Antibodies targeting phosphorylated proteins were validated using phosphoflow (with and without metal conjugation) under different stimulating conditions, including anti-CD3 coated plate (1 µg/ml, BD Biosciences, clone 145–2 C11), PMA (50 nM, Sigma-Aldrich) and ionomycin (1 µg/ml, Sigma-Aldrich), N4 peptide (1 µM), and pervanadate (1 mM, prepared using sodium orthovanadate, Sigma-Aldrich) (Supplementary file 4). To confirm the specificity of the antibody clones targeting ZAP70, LCK and SLP76, we transfected HEK 293 T cells, which lack endogenous expression of these proteins, with vectors encoding the proteins and tested antibody binding via flow cytometry and immunofluorescence (Supplementary file 4a). To confirm the specificity of the antibody clone targeting PLCγ1 (3H1C10), we performed siRNA knockdown in T cells and tested antibody binding by flow cytometry (Supplementary file 4a). (Knockdown was validated by western blotting with a WB-specific antibody clone (D9H10).) Further validation of phospho-specific antibodies was performed using signalling inhibitors as detailed in the antibody specificity tables (Supplementary file 4).
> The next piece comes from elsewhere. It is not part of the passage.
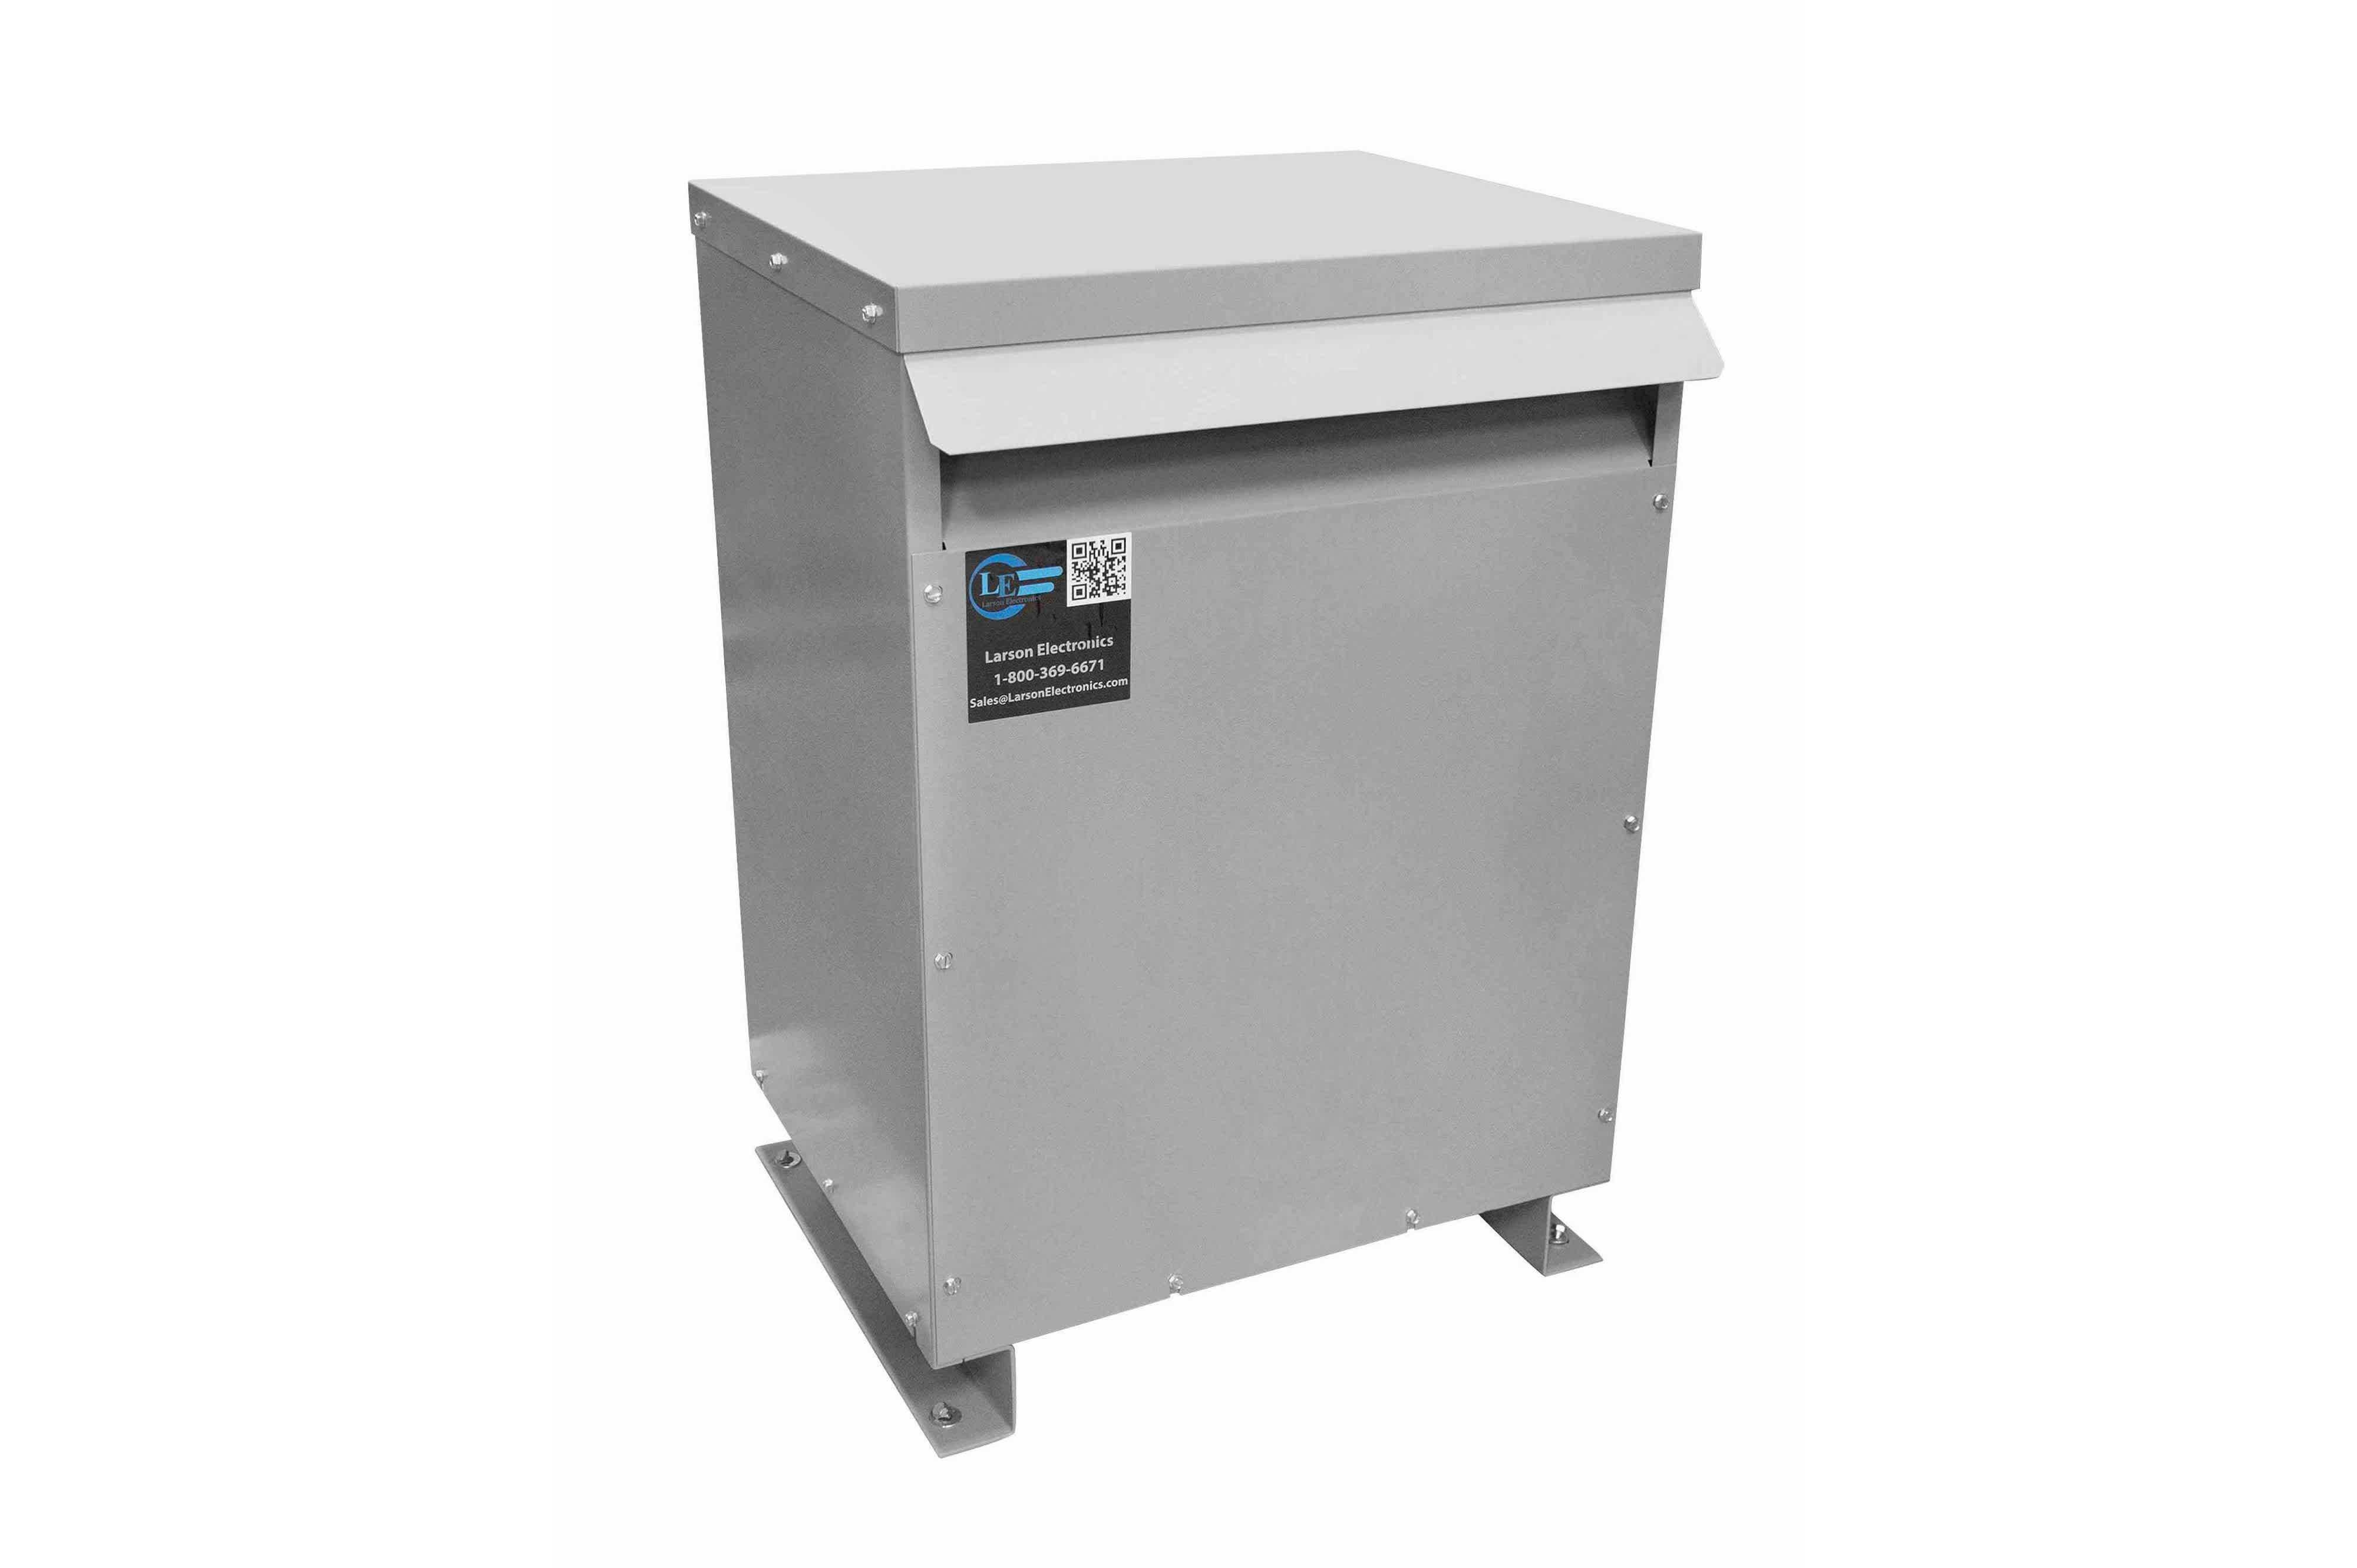 137.5 kVA 3PH Isolation Transformer, 600V Delta Primary, 415V Delta Secondary, N3R, Ventilated, 60 Hz

All metal-conjugated antibodies were tested by mass cytometry prior to experimentation. By testing antibodies on fixed cells, fixed and barcoded cells, and live cells (surface markers only), we confirmed there was no additional loss of antibody activity through the addition of the barcoding step. Two surface markers performed less well when fixed (CD62L-160Gd clone MEL-14 and CD69-143Nd clone H1.2F3, both Fluidigm). The CD62L-160Gd antibody was excluded from the mass cytometry panel. The CD69-143Nd antibody was excluded from the analyses in experiment 1, and excluded from the staining panel in experiment 2. All metal-conjugated antibodies were titrated for optimal performance and key signalling antibodies were tested in a time-course assay under different stimulatory conditions to determine the optimal times for running the full panel.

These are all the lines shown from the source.